Highwire Capital, LLC; Amended and Restated Commitment Letter, dated as of 06 November 20243 

 

 

 

The terms contained in this Amended and Restated Commitment Letter and the Term Sheet are confidential and, except for disclosure (x) to the Target, the seller in the Asset Purchase, and each of your and their respective advisors, your and their respective board of directors or managers, officers and employees, to professional advisors and acquisition arrangers retained by you or them in connection with this transaction, (y) in connection with the exercise of any remedy or enforcement of any right under this Amended and Restated Commitment Letter, or (z) as may be required by law, legal process or court order (in which case, to the extent not prohibited by law, you agree to inform us promptly thereof), may not be disclosed in whole or in part to any other person or entity without the Capital Platform’s prior written consent (such consent not to be unreasonably withheld, conditioned or delayed); provided that (i) you may disclose this Amended and Restated Commitment Letter and its contents in connection with any public or regulatory filing requirement (or otherwise deemed advisable) relating to the transactions contemplated herein, (ii) you may disclose the Term Sheet and the contents thereof to potential second lien lenders, and (iii) you may make public disclosures to investors and analysts customary in the ordinary course of your business and in a manner consistent with the public disclosures by the Capital Platform in respect of similar financings. Any disclosure permitted hereunder shall be made only on the condition that such matters may not, except as required by law, legal process or court order, be further disclosed. Neither any disclosure permitted above nor any other provision hereof shall create any third-party beneficiary as to this Amended and Restated Commitment Letter or the Capital Allocation. This paragraph shall survive any termination of this Amended and Restated Commitment Letter; provided that the foregoing restrictions shall cease to apply on the earlier of (x) two (2) years after the date hereof and (y) the date the Capital Allocation Documentation shall have been executed and delivered by the parties thereto.

 

This Amended and Restated Commitment Letter is not assignable by any party hereto without the prior written consent of each other party hereto and is intended to be solely for the benefit of the parties hereto (and each indemnified person); provided, however, that (i) the Capital Platform may assign its commitments hereunder in whole or in part to any of its affiliates; provided that (x) no such assignment shall release the Capital Platform from its obligations to fund the Capital Allocation upon satisfaction (or waiver by the Capital Platform) of the Exclusive Funding Conditions and (y) notwithstanding any such assignment, the Capital Platform shall retain exclusive control over all rights and obligations with respect to its commitment in respect of the Capital Allocation, including all rights with respect to consents, modifications, supplements, waivers and amendments of this Amended and Restated Commitment Letter, until the Closing Date has occurred, and (ii) you may assign this Amended and Restated Commitment Letter to another newly-formed entity formed under the laws of the District of Columbia or any state of the United States of America controlled by you that is not a separate portfolio company of yours for the purpose of consummating the Acquisition.

 

Highwire Capital, LLC; Amended and Restated Commitment Letter, dated as of 06 November 20244 

 

 

 

You acknowledge that the Capital Platform and its affiliates may be providing debt financing, equity capital or other services to other companies with which you may have conflicting interests.
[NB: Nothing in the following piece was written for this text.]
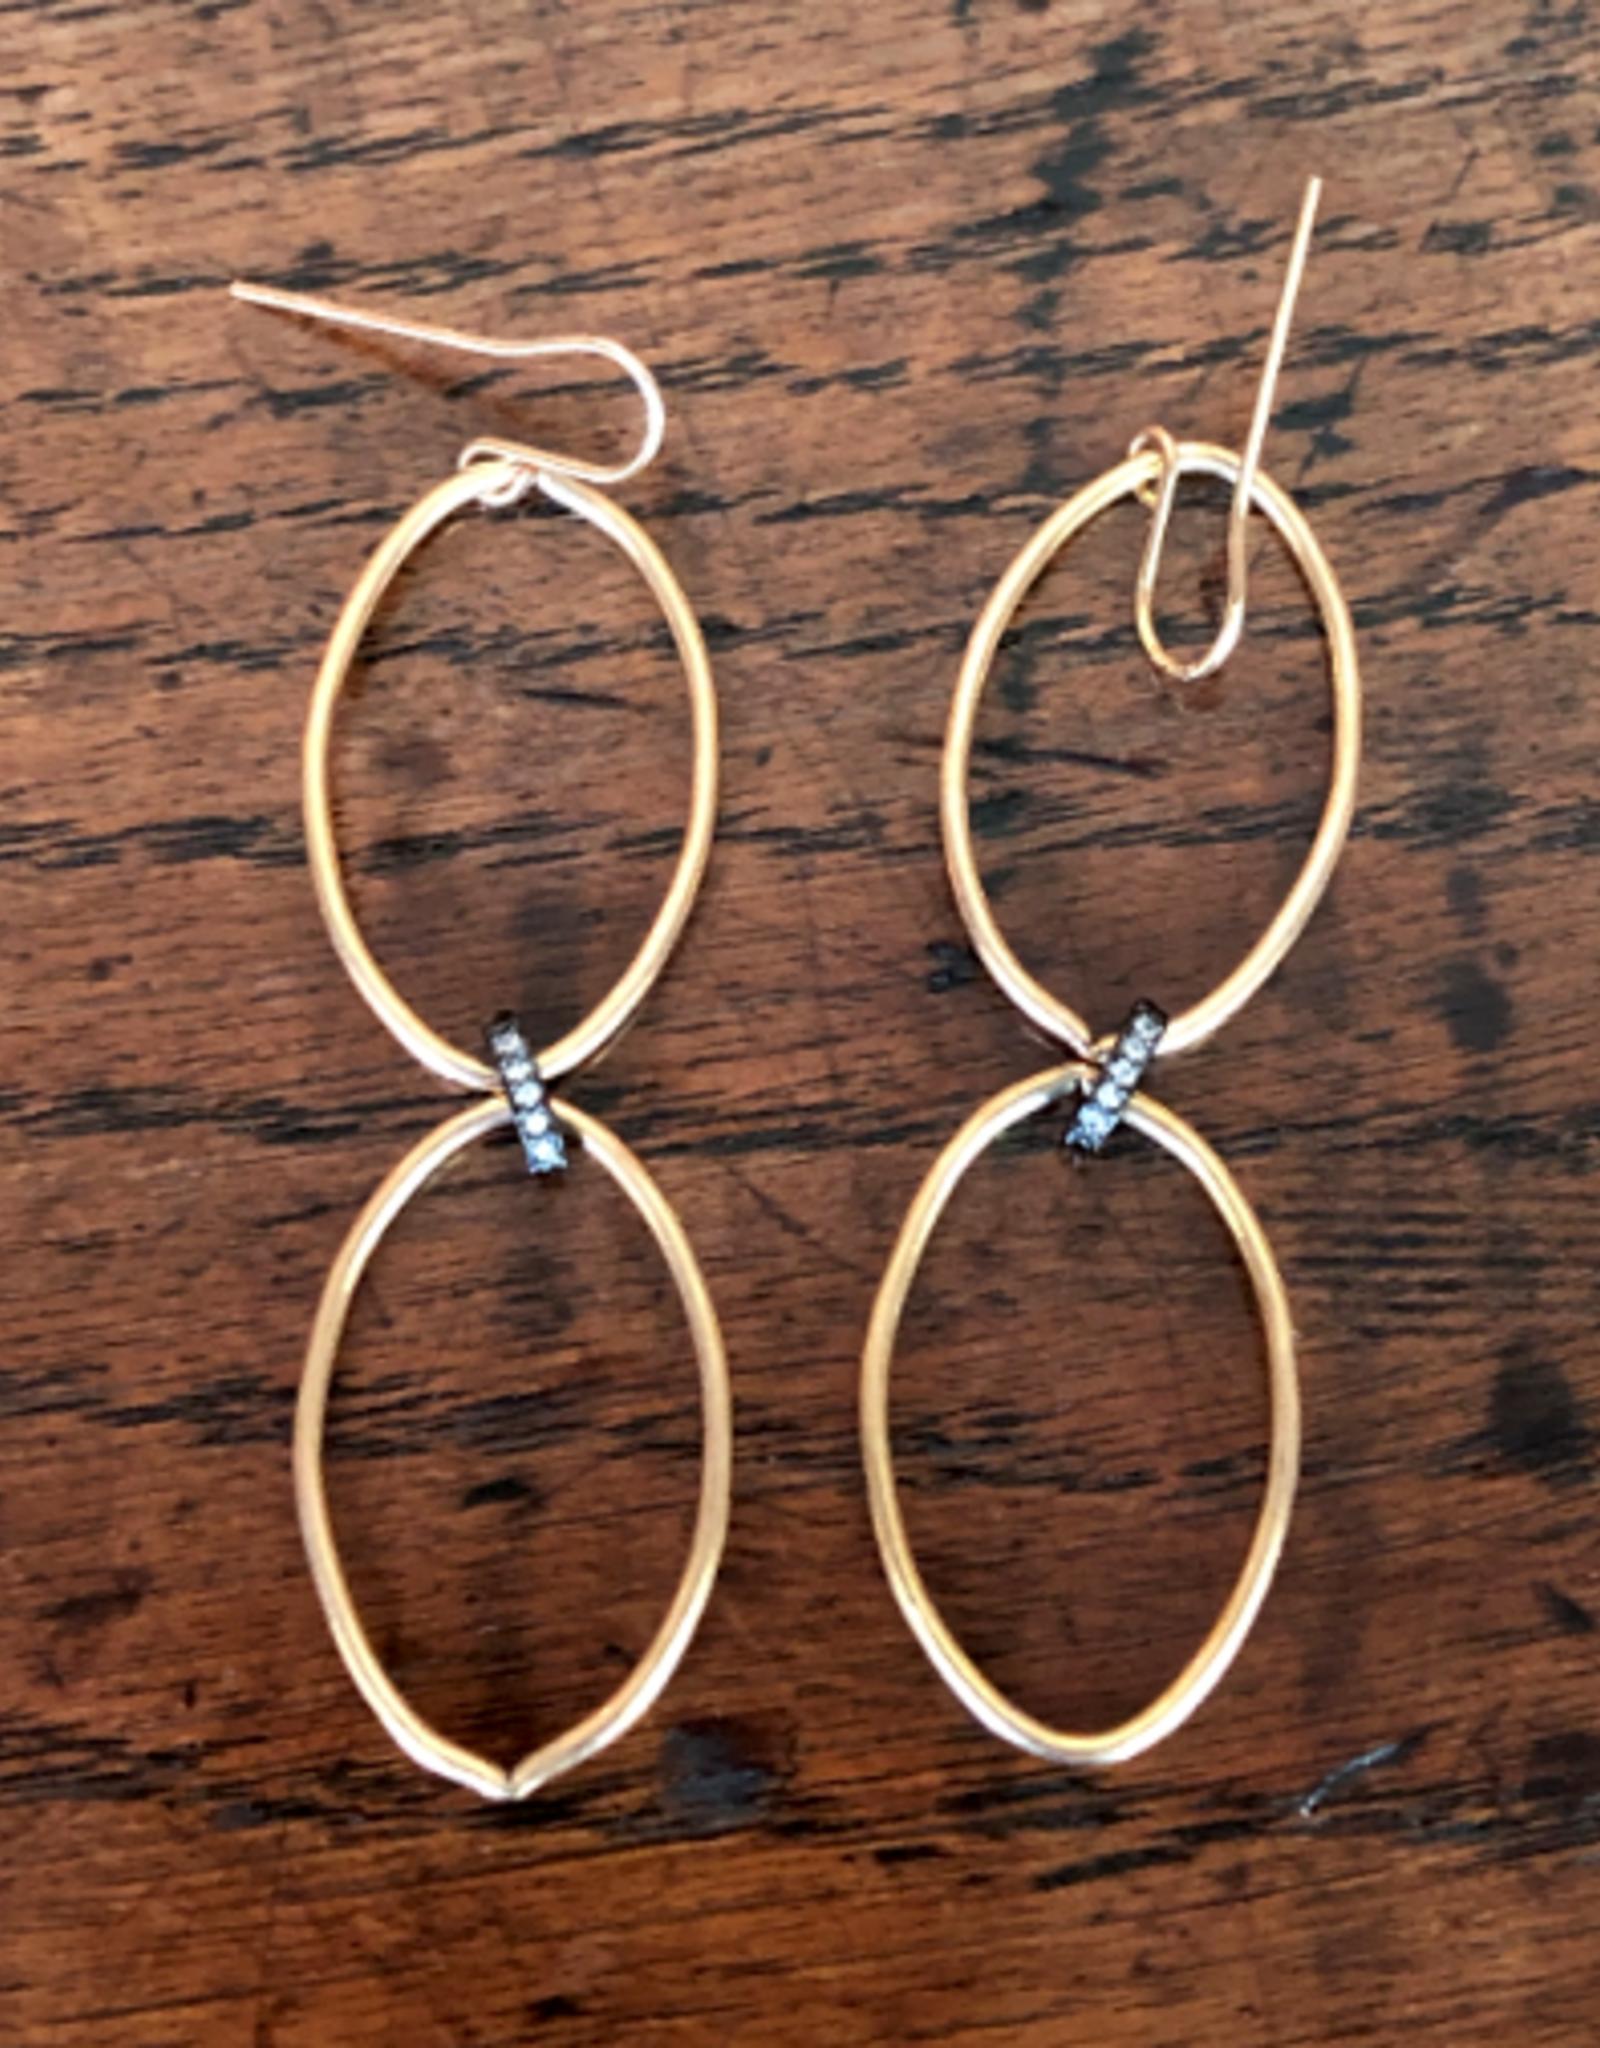 LOUISE ABROMS - Double Oval Earrings

You further acknowledge and agree that (a) no fiduciary, advisory or agency relationship between you and the Capital Platform has been or will be created in respect of any of the transactions contemplated by this Amended and Restated Commitment Letter, irrespective of whether any of the Capital Platform and/or its respective affiliates have advised or are advising you on other matters and (b) you will not assert any claim against the Capital Platform for breach or alleged breach of fiduciary duty, and agree that the Capital Platform shall not have any direct or indirect liability to you in respect of such a fiduciary duty claim or to any person asserting a fiduciary duty claim on behalf of or in right of you, including your stockholders, employees or creditors. This paragraph shall survive any termination of this Amended and Restated Commitment Letter.

 

From the date upon which this Amended and Restated Commitment Letter is fully-executed until the Commitment Termination Date (as defined below), there shall be no competing offer, placement or arrangement of any unitranche, second lien, mezzanine investment or senior secured credit financing (each, an “Alternative Financing”) by or on behalf of you or any of your affiliates in connection with the Acquisition and Asset Purchase, and you will immediately advise the Capital Platform if any such Alternative Financing is contemplated.

 

EACH OF THE PARTIES HERETO IRREVOCABLY WAIVES THE RIGHT TO TRIAL BY JURY IN ANY ACTION, PROCEEDING, CLAIM OR COUNTERCLAIM BROUGHT BY OR ON BEHALF OF ANY PARTY RELATED TO OR ARISING OUT OF THIS AMENDED AND RESTATED COMMITMENT LETTER OR THE PERFORMANCE BY THE CAPITAL PLATFORM OR ANY OF ITS AFFILIATES OF SERVICES CONTEMPLATED HEREBY. This paragraph shall survive any termination of this Amended and Restated Commitment Letter.

 

We hereby notify you that pursuant to the requirements of the USA PATRIOT Act (Title III of Pub. L. 107-56 (signed into law October 26, 2001) (the “PATRIOT Act”), the Capital Platform may be required to obtain, verify and record information that identifies the beneficial owners of the Member, AcquisitionCo, and any guarantors, which information may include their names, addresses, tax identification numbers and other information that will allow the Capital Platform to identify the principals and the guarantors in accordance with the PATRIOT Act. This notice is given in accordance with the requirements of the PATRIOT Act and is effective for the Capital Cooperative and its affiliates.

 

This Amended and Restated Commitment Letter will terminate at 11:59 p.m. (New York, New York time) on 19 November 2024 unless on or before that date you sign and return an enclosed counterpart of this Amended and Restated Commitment Letter and Term Sheet. In addition, this Amended and Restated Commitment Letter will expire and become null and void at 11:59 p.m. (New York, New York time) on December 15, 2024 (or such later date as agreed to by the Capital Platform in its reasonable discretion) (the “Commitment Termination Date”), if the Capital Allocation has not closed on or before that date.

 

Highwire Capital, LLC; Amended and Restated Commitment Letter, dated as of 06 November 20245 

 

 

 

This Amended and Restated Commitment Letter may be executed in any number of counterparts, each of which shall be deemed an original, and all of which together shall constitute one document. Receipt by facsimile or other electronic transmission of any executed signature page to this Amended and Restated Commitment Letter shall constitute effective delivery of such signature page. This Amended and Restated Commitment Letter shall be governed by the laws of the State of New York applicable to contracts made and to be performed entirely within such State; provided, however, that the determination of whether the Acquisition or Asset Purchase has been consummated in accordance with the terms of the respective agreements governing such transactions shall, in each case, be governed by, and construed and interpreted in accordance with, the internal laws of the State of Delaware without giving effect to any choice or conflict of laws provision or rule (whether of the State of Delaware or of any other jurisdiction) that would cause the application of the laws of any jurisdiction other than the State of Delaware. The last sentence of paragraph shall survive any termination of this Amended and Restated Commitment Letter.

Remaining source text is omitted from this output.